Mortification, in the First Person

by Michelle Gagnon

One of my all-time favorite books (and a popular gift for friends who write) is called, MORTIFICATION: WRITERS’ STORIES OF THEIR PUBLIC SHAME.

It includes vignettes from such storied authors as Roddy Doyle, Michael Ondaatje, and Val McDermid on the most embarrassing experiences they’ve ever had during their writing careers. For example, did you know that Margaret Atwood’s first-ever book signing took place in the Men’s Socks and Underwear section of a department store? Or that some of Chuck Palahniuk’s fans started throwing dinner rolls at him during an event in San Francisco? And apparently Stephen King was once forced to sign so many books that his fingers cracked and started to bleed.

Up until last October, my most mortifying moment as an author occurred at a local bookstore, when not a single person showed up for my reading.

And then along came Litquake.

Litquake is San Francisco’s premier literary festival, a week-long celebration of the written word that features hundreds of authors reading at dozens of events. More than 16,000 people attended last year. Being asked to participate is a big deal, particularly for one of the most coveted spots.
And for the 2011 series, I was included in a great one, entitled, “These Mean Streets: Reality and Fiction Collide.”
I was the only woman appearing on a slate with a former mob informant; the terrific writer, working PI, and all around great writer David Corbett; and a slew of other big names. The event was being held at Tosca Cafe, one of my favorite bars in San Francisco.

All in all, it was shaping up to be an exciting evening. Thanks largely to the fact that the event would be happening in a bar, I even managed to convince several friends who don’t ordinarily attend readings to come along.

You can never predict how big the crowd will be at one of these events, but that night, Tosca was packed. Standing room only, easily a couple hundred people in the room.

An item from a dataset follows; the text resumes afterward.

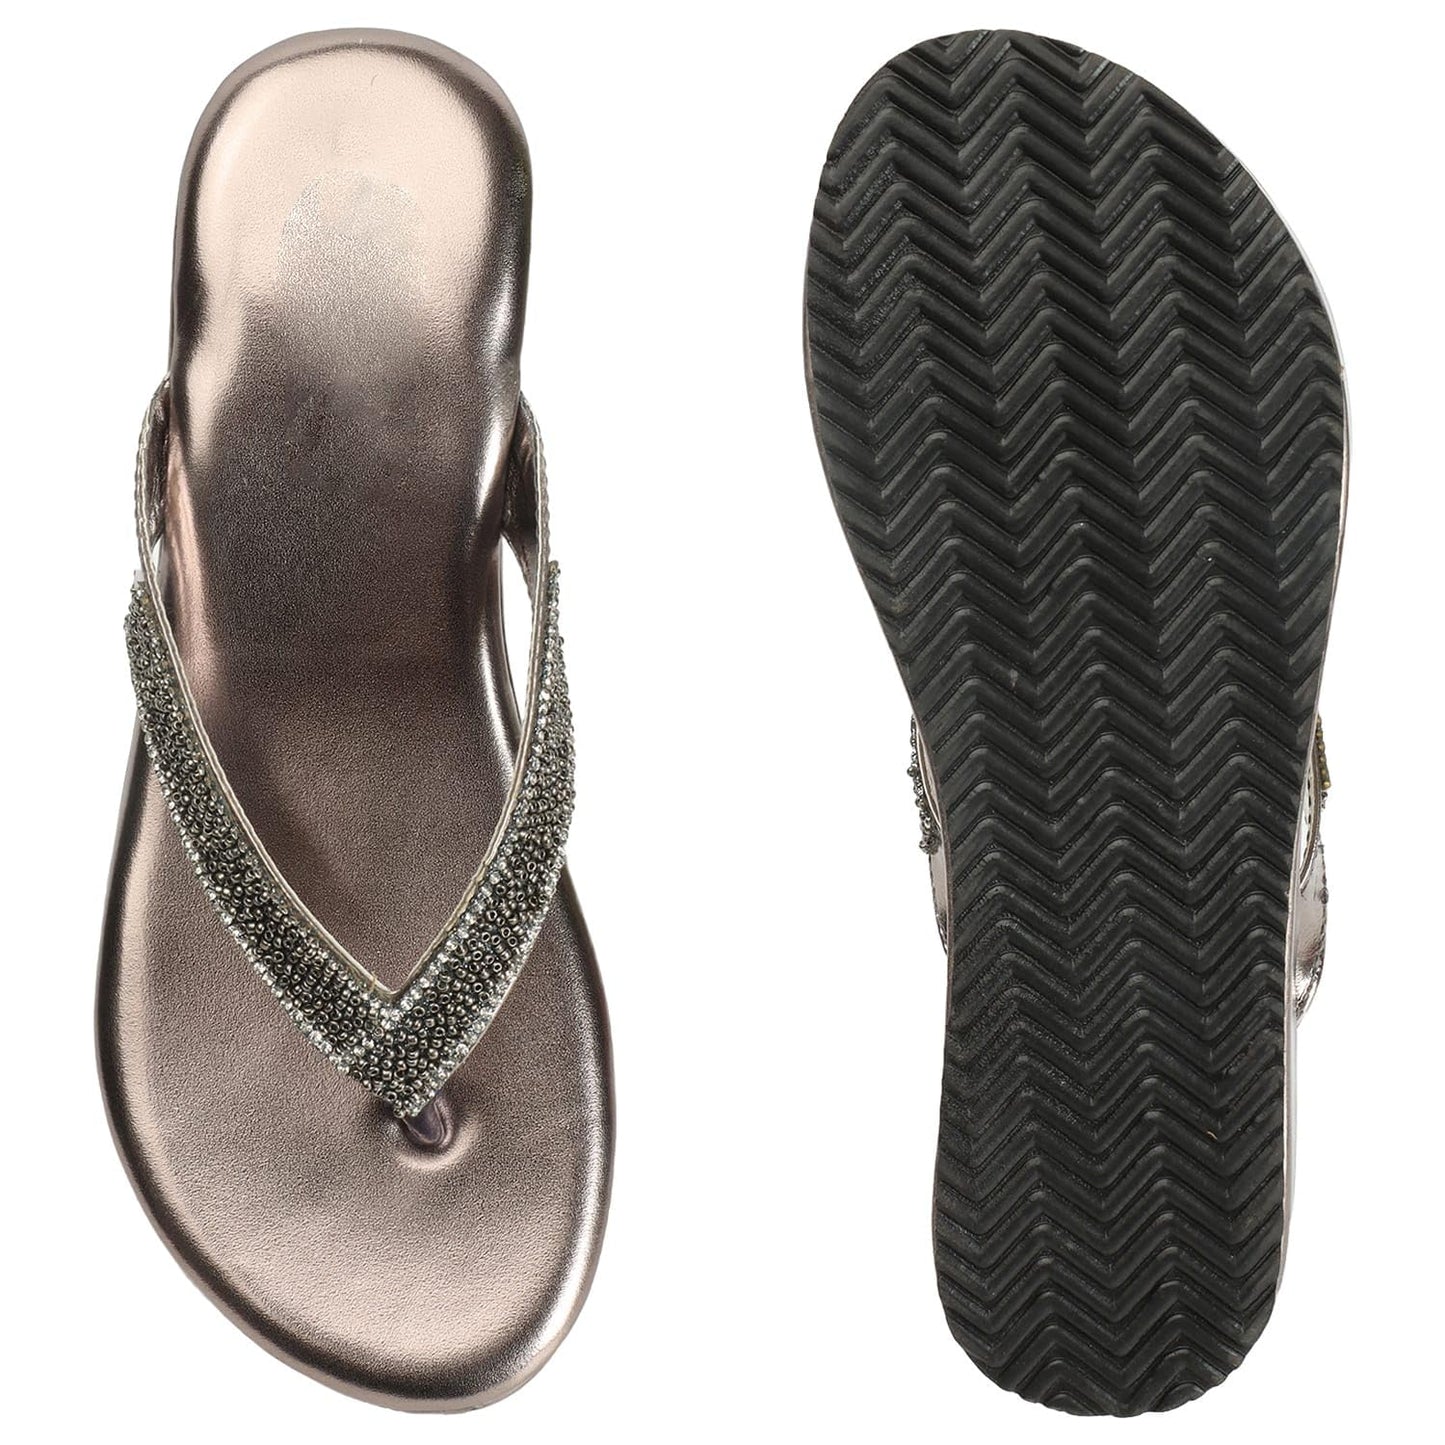 H.M. Flat Sandal Slipper For womens and girls

I was nervous, and hadn’t slept terribly well the night before. Too nervous to eat very much all day, in fact. So I did what any sane person would do–I drank a glass of wine to calm myself down.
I was scheduled to be the third reader of the evening. I sat through the first two, my mouth dry, palms slick with sweat, tapping the pages of my chapter on the table (to the growing irritation of my friends).

And then, it was my turn.

I’ve performed in hundreds of dance performances, and have participated in dozens of author events over the past few years. One thing I know: the minute I get up there, the nervousness dissipates and I’m fine.
So there I was, standing in front of a microphone with a spotlight bearing down on me, facing this hot, crowded room.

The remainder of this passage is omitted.